Il Nobel a Machado la legittima a livello internazionale, le conferisce da fuori un ruolo di leadership esclusivo, fa albeggiare una speranza che potrebbe essere pagata a caro prezzo dalla popolazione venezuelana, ma apre anche la porta a ingerenze di paesi che hanno interesse, per varie ragioni, a vedere chiusa per sempre l’era dello chavismo in Venezuela. Passa anche sopra la testa di processi di incontro volti a una pacificazione politica del paese tra rappresentanti delle opposte frazioni.

C’è chi teme che questo Nobel possa produrre una mera inversione dei rapporti di forza senza alcuna democratizzazione della contesa politica. Prima del conferimento del premio Nobel, Machado era una parte dell’opposizione, con un suo immaginario per ciò che concerne l’alternativa al governo di Maduro. I suoi ammiccamenti a Trump, per indurne un intervento più o meno diretto negli affari venezuelani e come modo di esercitare una eventuale leadership a guida del paese nel dopo Maduro, preoccupano chi in Venezuela ritiene che l’auto-determinazione del popolo sia la base imprescindibile di ogni libertà democratica.

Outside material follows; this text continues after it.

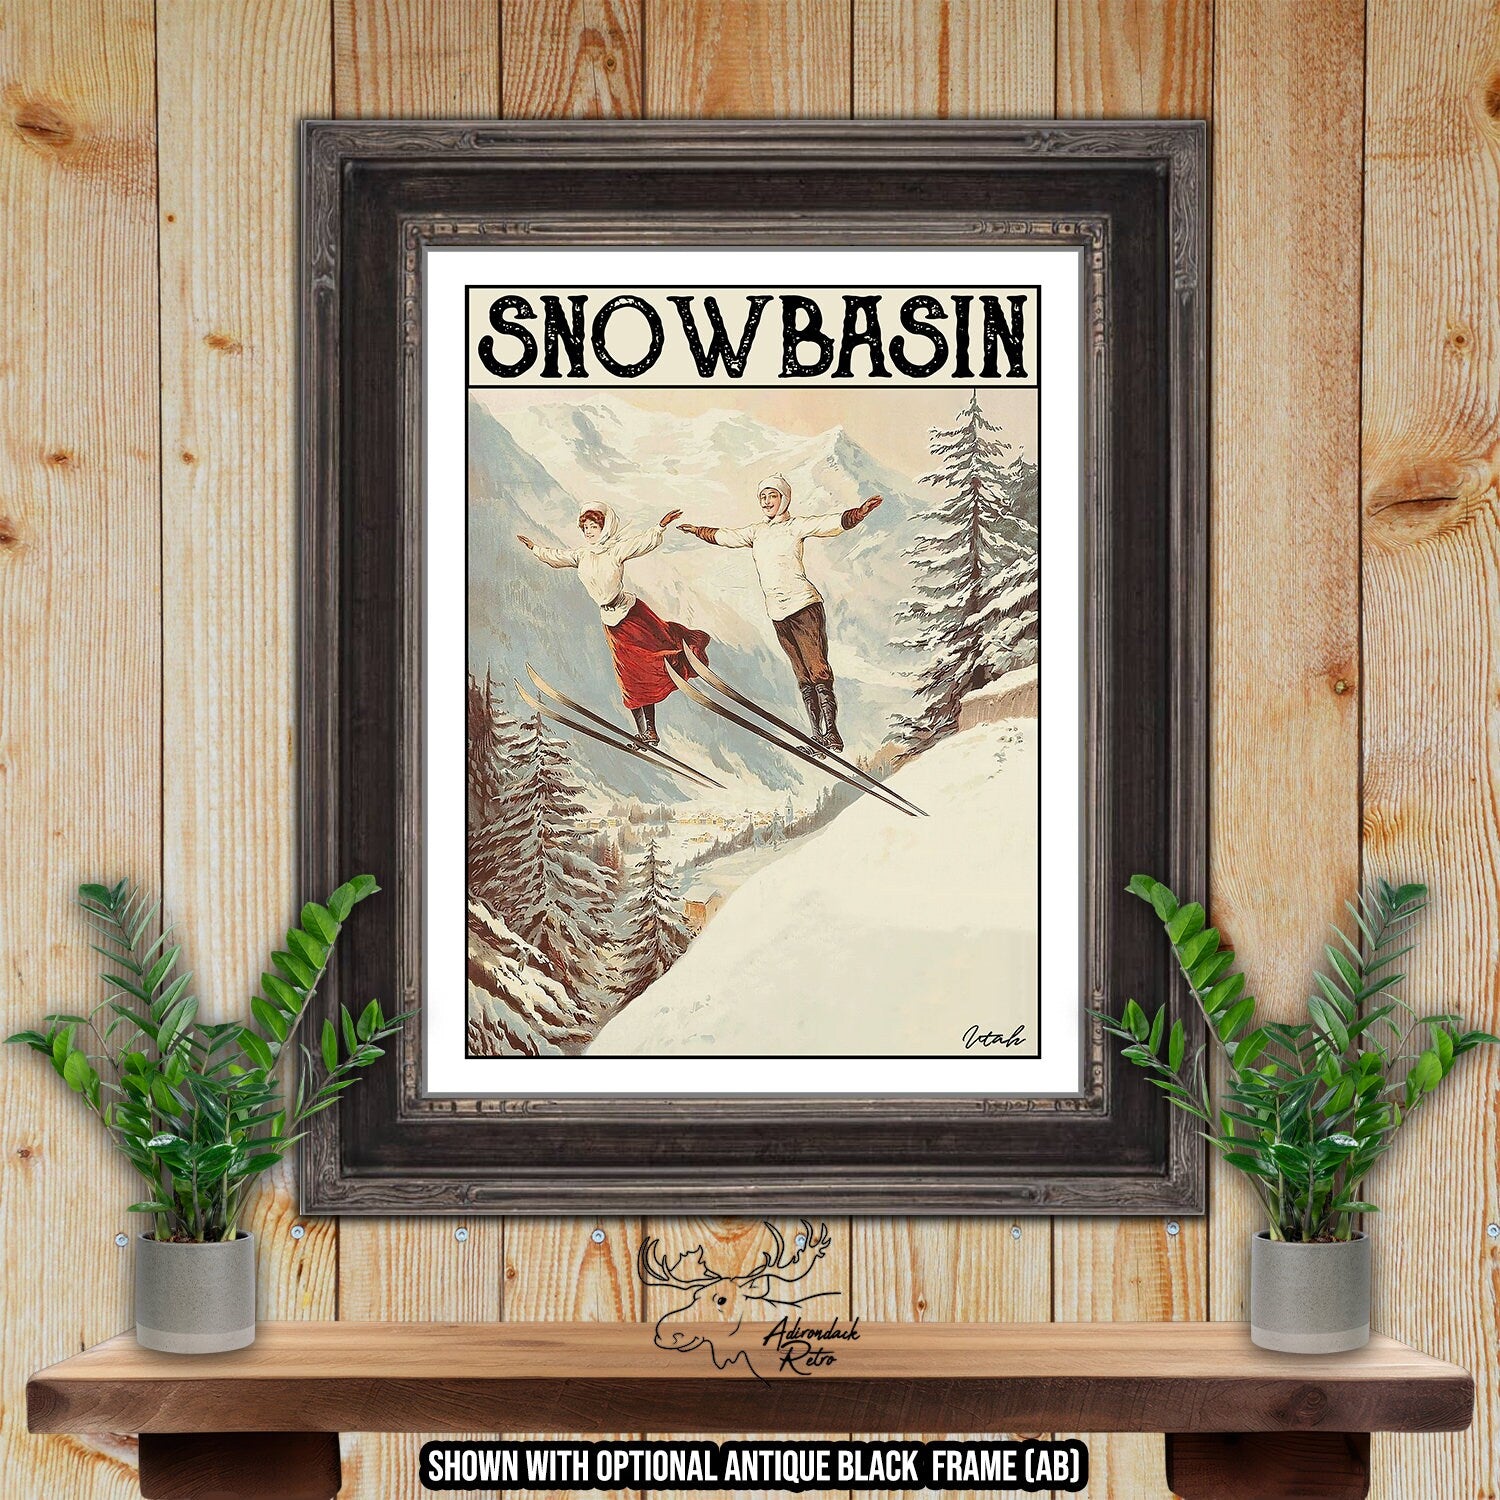 Snowbasin Utah Retro Ski Resort Art Print at Adirondack Retro
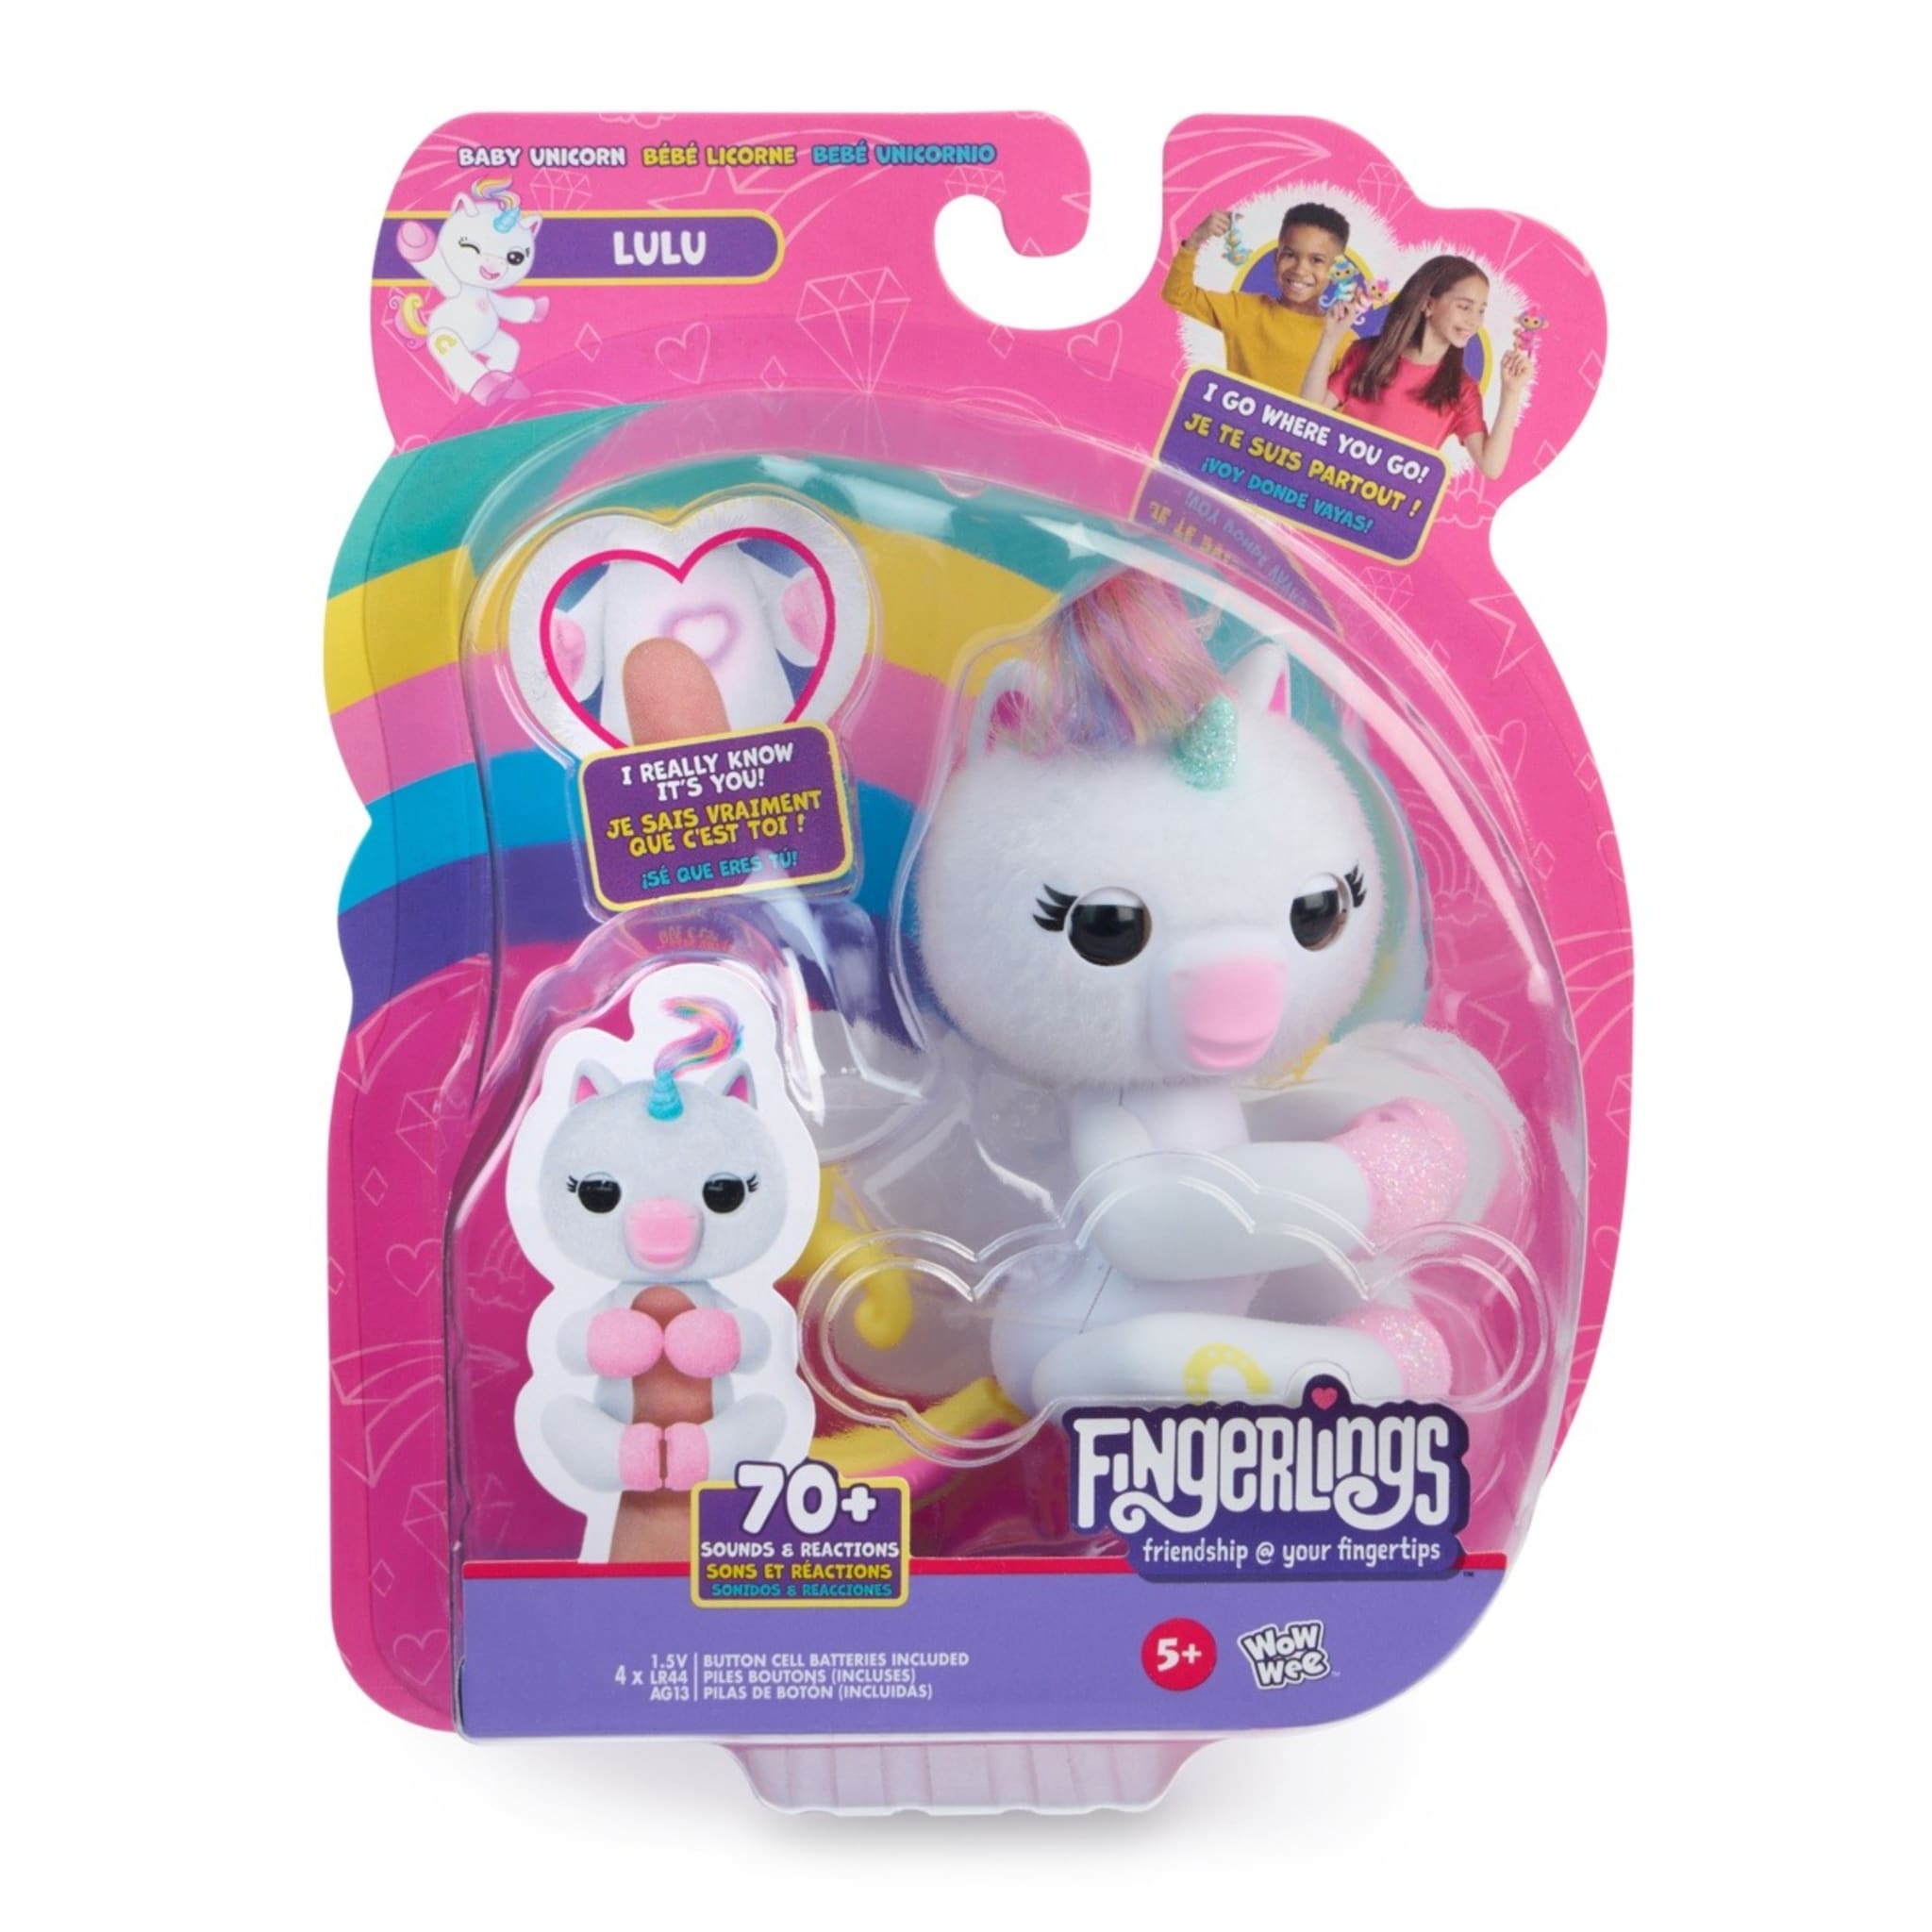 Fingerlings Lulu Baby Unicorn Interactive Toy - Kmart

Questa è la misura su cui Machado sarà messa alla prova dopo aver ricevuto il premio Nobel per la pace. La storia dell’America Latina è piena di «liberatori» che hanno finito per essere marionette degli interessi americani, per essere cambiati a piacimento qualora risultassero non graditi. Ed è una storia scritta col sangue e le lacrime delle popolazioni.

La pax americana può non coincidere con le aspirazioni del popolo venezuelano e, in questo momento, non ha sicuramente il gusto di una democrazia compiuta. L’adeguatezza del riconoscimento concesso a Machado non sta dietro a lei, ma deve essere guadagnato sul campo di una trasformazione del Venezuela che preservi il diritto alla auto-determinazione del suo popolo.

Una trasformazione che dovrà essere indipendente e non violenta, per non trasformare in una farsa il conferimento del premio Nobel per la pace e in una tragedia la gioia che questo ha generato nei cuori della popolazione.